April 22, 2008 by Mohamed  
Filed under Weight Loss

  1. Soy – Not familiar with soy foods? The basics include tofu, soy nuts, soy flour, and enriched soymilk. Great-tasting, protein-rich meat alternatives include soy sausage, and breaded cutlets and nuggets that taste like chicken. Crumbled soy–an alternative to ground meat–works well in chili, burritos, lasagna, soups, and casseroles. Add tofu to chili, eggs, or casseroles. It absorbs the flavor of whatever you’re cooking. You’ll find many soy products in the produce section of the supermarket.
  2. Beans – Keep your cupboards stocked with canned beans of all kinds: black, white, kidney, fat-free refried, etc. (as well as instant bean soups). You’ll always have the makings of a delicious, healthful dinner on hand. Beans add protein and fiber to any dish and can be used in salads, stuffed baked potatoes, veggie chili, or pureed for sandwich spreads. And since they come in cans, beans are handy to use. But remember to rinse canned beans first–they’re packed in a high-sodium liquid.
  3. Salmon – To get the most omega-3s, choose salmon, white albacore tuna canned in water.
  4. Avacado – Avocado is a bit high in calories. Your best strategy: Use this luscious veggie in place of another high-fat food or condiment.
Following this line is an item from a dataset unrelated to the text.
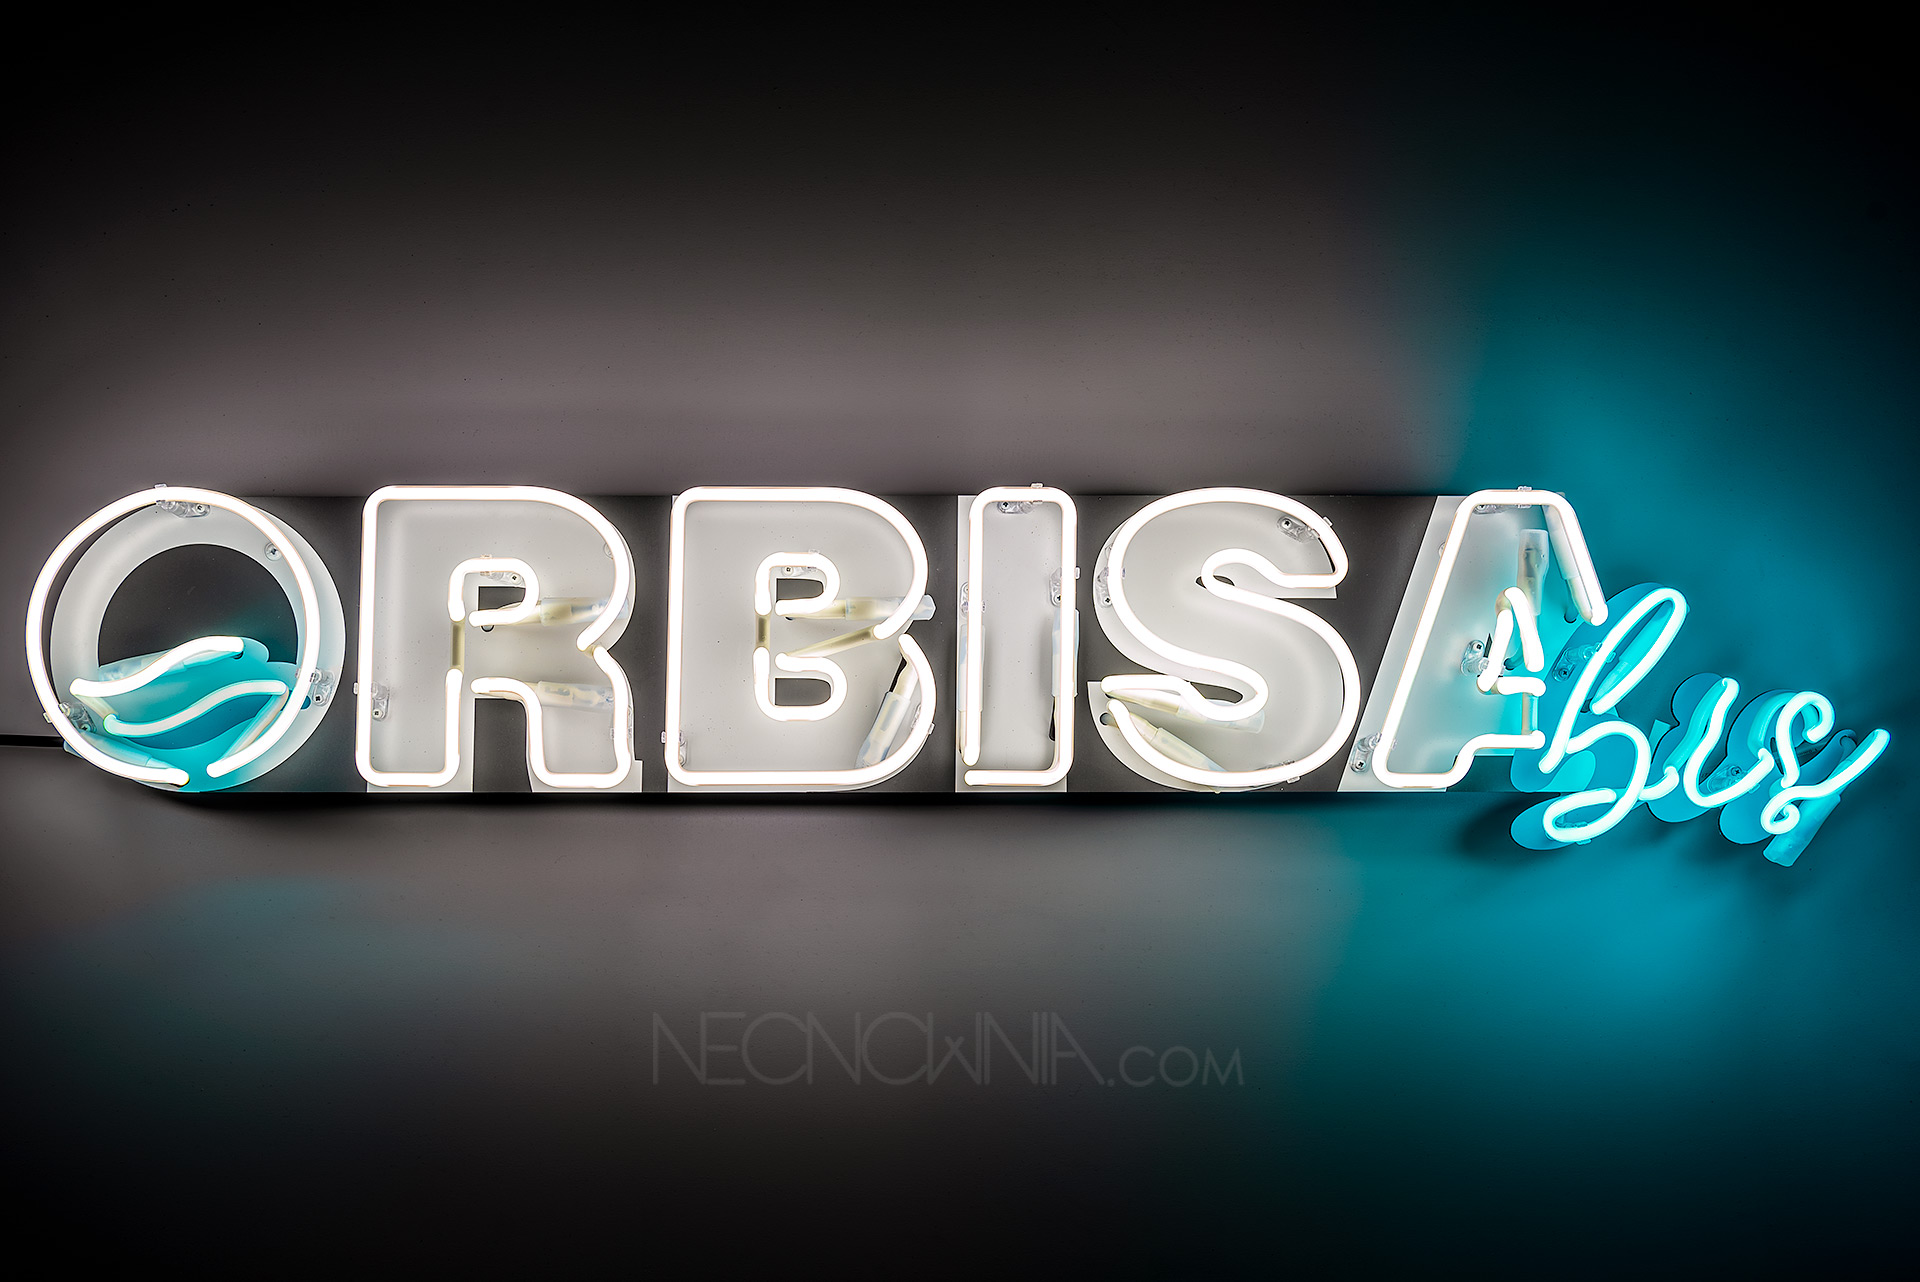 ORBISA BIS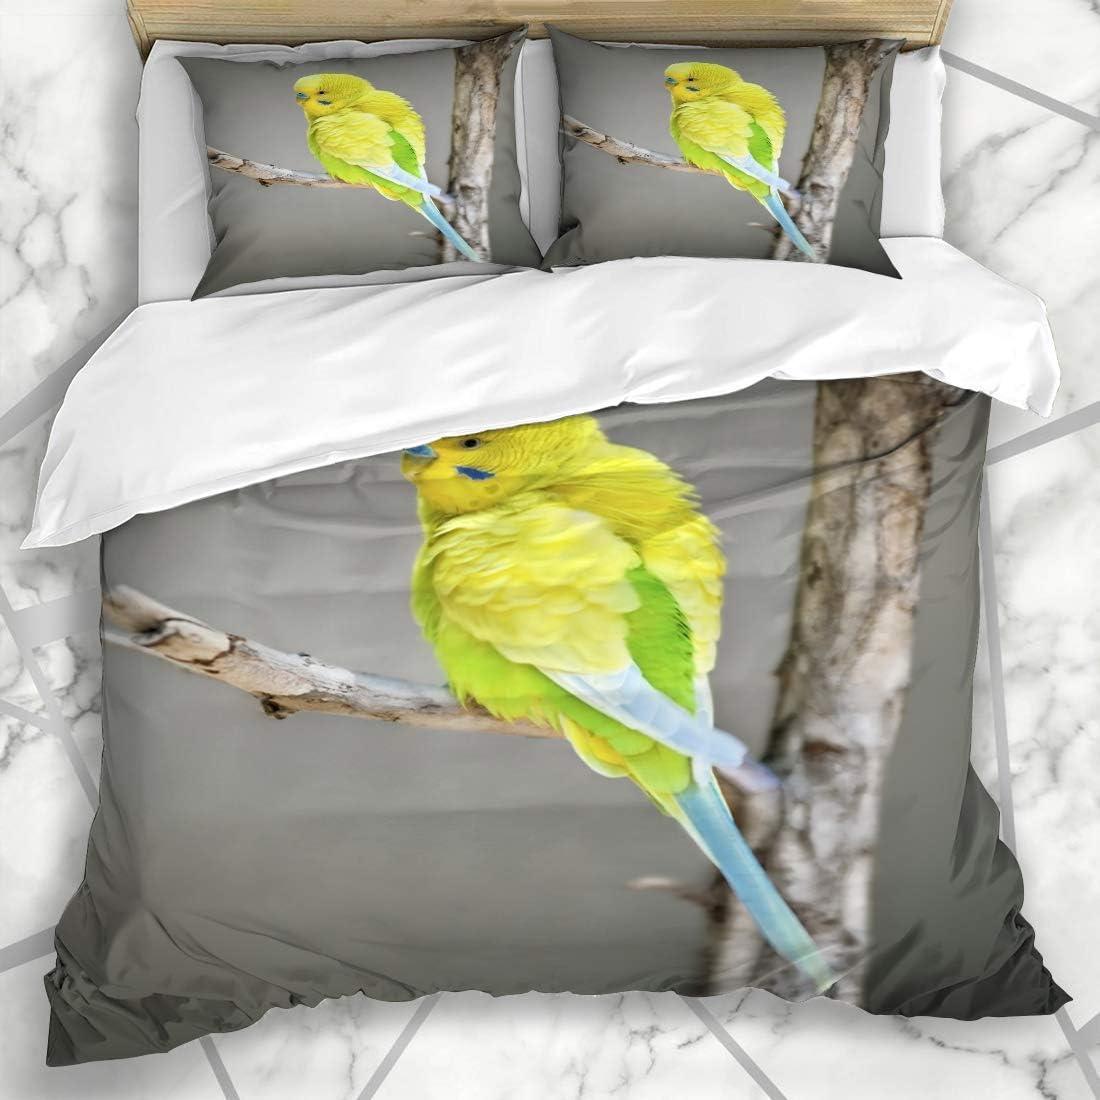 Conjuntos de fundas nórdicas Pico Periquito amarillo australiano en rama Periquito doméstico Naturaleza Diseño aviar Juguetón Ropa de cama de microfibra Super King Size con 2 Fundas de almohada Cuidad

  5. Garlic – Next time you hit the supermarket, pick up a tub of freshly peeled garlic cloves, and challenge yourself to make sure it’s gone before the “best by” date. Chop up and toss on pizza, in soups, or on side dishes.
  6. Spinach – Look for 9-oz bags of baby spinach leaves that you can pop in the microwave (ready in 3 minutes). Top with 2 tablespoons of Parmesan and 1 tablespoon of toasted sunflower seeds. Add a roll, and you’ve got a heavenly low-cal dinner for one.
  7. Margarine – Spread these margarines on your toast or bagel in the morning or for a mid-day snack. The only side effect is reduced beta-carotene absorption. To compensate, make sure you eat extra carrots, spinach, sweet red peppers, or sweet potatoes.
  8. Oh…Nuts! – The key is moderation: Nuts are high in calories. Keep a jar of chopped nuts in your fridge, and sprinkle 2 tablespoons a day on cereal, veggies, salads, or yogurt. Or add them to your diet by sprinkling chopped nuts on stir-fries. Almonds, hazelnuts, or walnuts can be added to pilafs. Make a trail mix with your favorite nuts, seeds and dried fruit.
  9. Tea – Enjoy a cup of hot or iced tea. Although convenience iced teas still have high antioxidant levels, most homemade iced tea (both hot-brewed and fridge teas) have even more antioxidants . So, if you want the very max, make your own.
  10. Chocolate – The levels of flavonoids in chocolate vary, depending on where it is grown and handled and how it is processed. Researchers have been studying a variety of chocolate, developed by Mars, Inc., with guaranteed high-flavonoid levels. You can find it now in Mars Dove bars. To control the calories, buy Dove dark chocolate Promises. Indulge in one flavorful, high-flavonoid morsel daily, for just 42 calories and 2.6 g of fat.